What? No, that's ridiculous. That's how inconsistencies crop up. Unless you plan on locking the entire system during each command.


One box is the master; the others are slaves. And yes, the easy way to do this is system having single write lock.

That seems ridiculous if you are thinking like databases do, in terms of taking away the pain of all those disk seeks needed to write something. But if everything is hot in RAM, executing a command is extremely fast. Much faster than a database.

If that still isn't fast enough, you can split your data graph into chunks that don't require simultaneous locking and have one lock per. For example, if you are making a stock exchange like the LMAX people were, you can have one set of data (and one lock) per stock.

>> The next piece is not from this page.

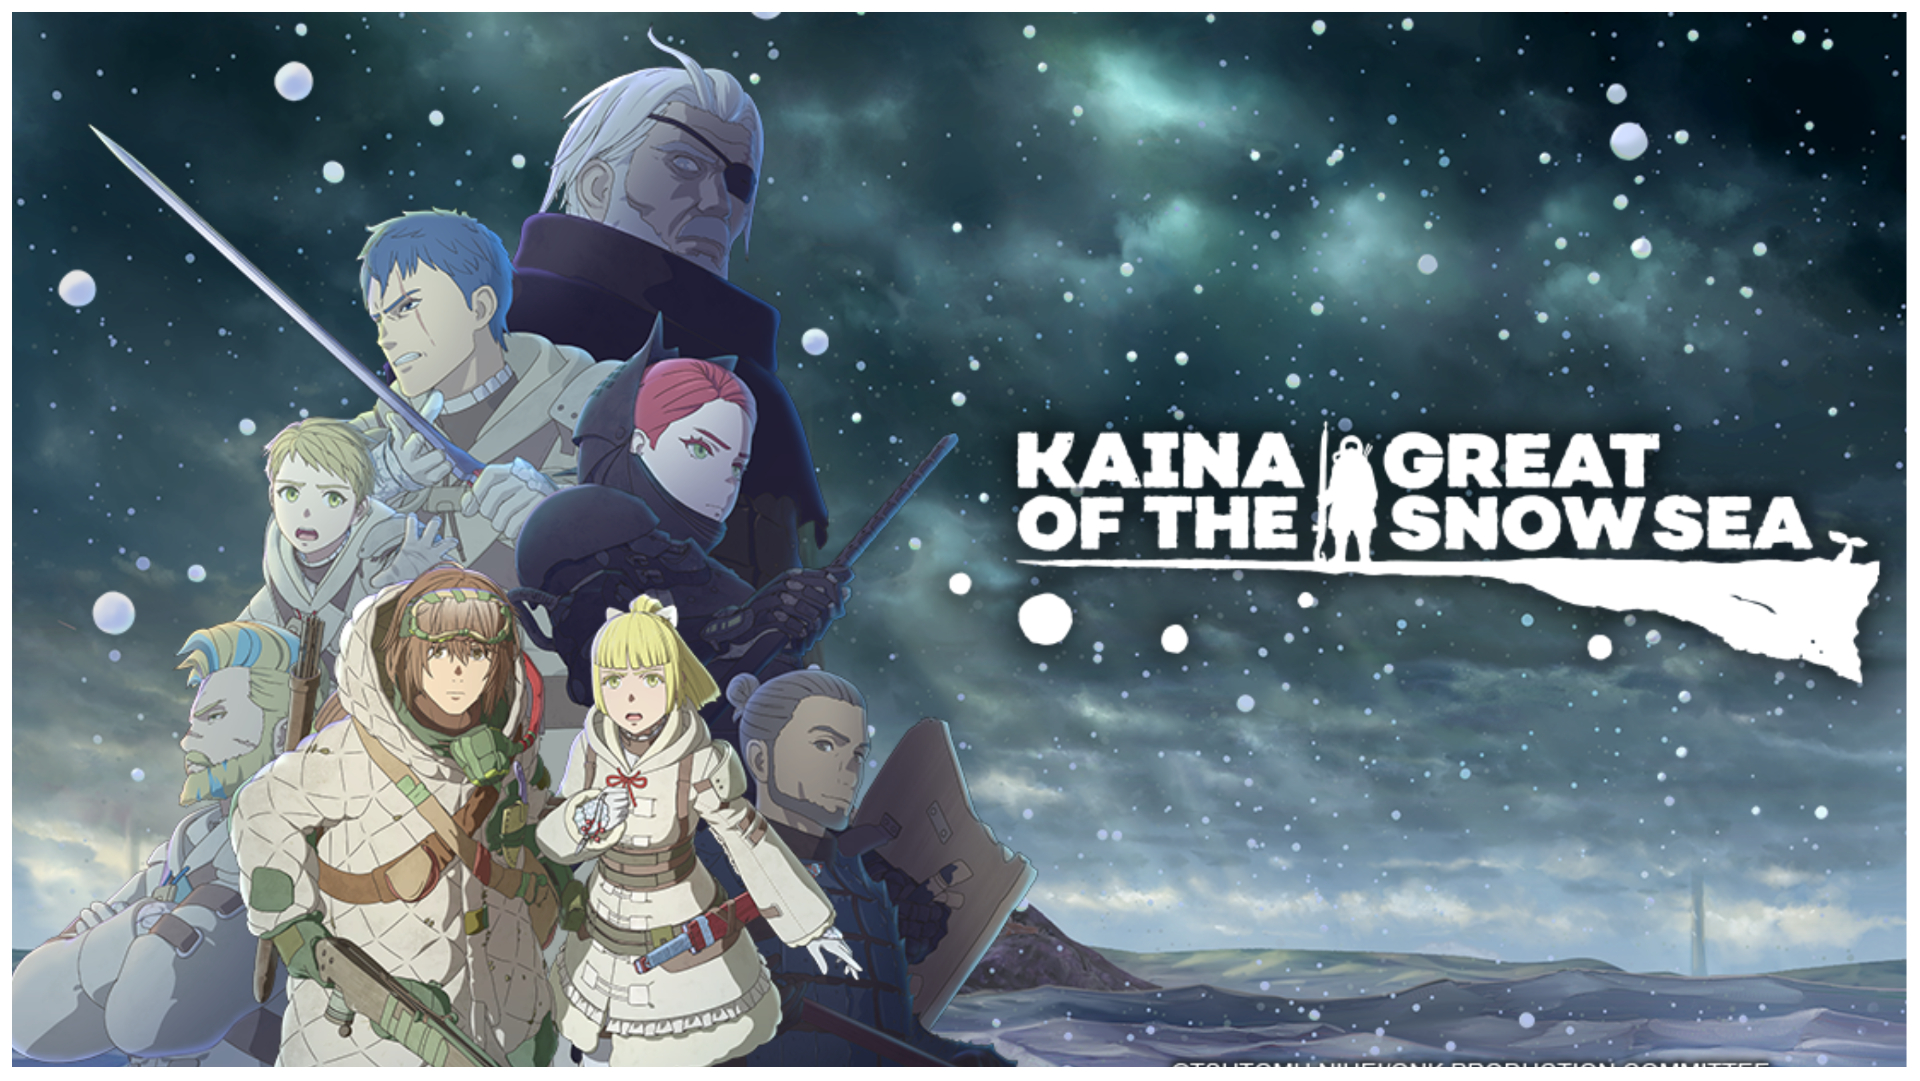 Arte principal da série de anime Kaina of the Great Snow Sea.

The lock doesn't need to just cover one write. It needs to cover the whole transaction. The canonical example is that of incrementing a counter. Replica synchronization aside, without a transaction lock (or some other guarantee of transaction consistency), at some point you will read a counter value which another client is in the middle of updating.

The first "fix" to this that comes to mind is timestamping data, rolling back transactions which try to write having read outdated data. Do extant NoDB systems do this?


Yes, these approaches provide proper transactions, but the approach is much simpler than you imagine.

Imagine you have a graph of objects in RAM. Say, a Set of Counters. Imagine you want to change the graph by incrementing a counter. To do this create an object, the UpdateCounterCommand, with one method: execute. You hand the command to the system, and it puts it in a queue. When it gets to the top, it serializes the command to disk and then executes it. Exactly one write command runs at a time.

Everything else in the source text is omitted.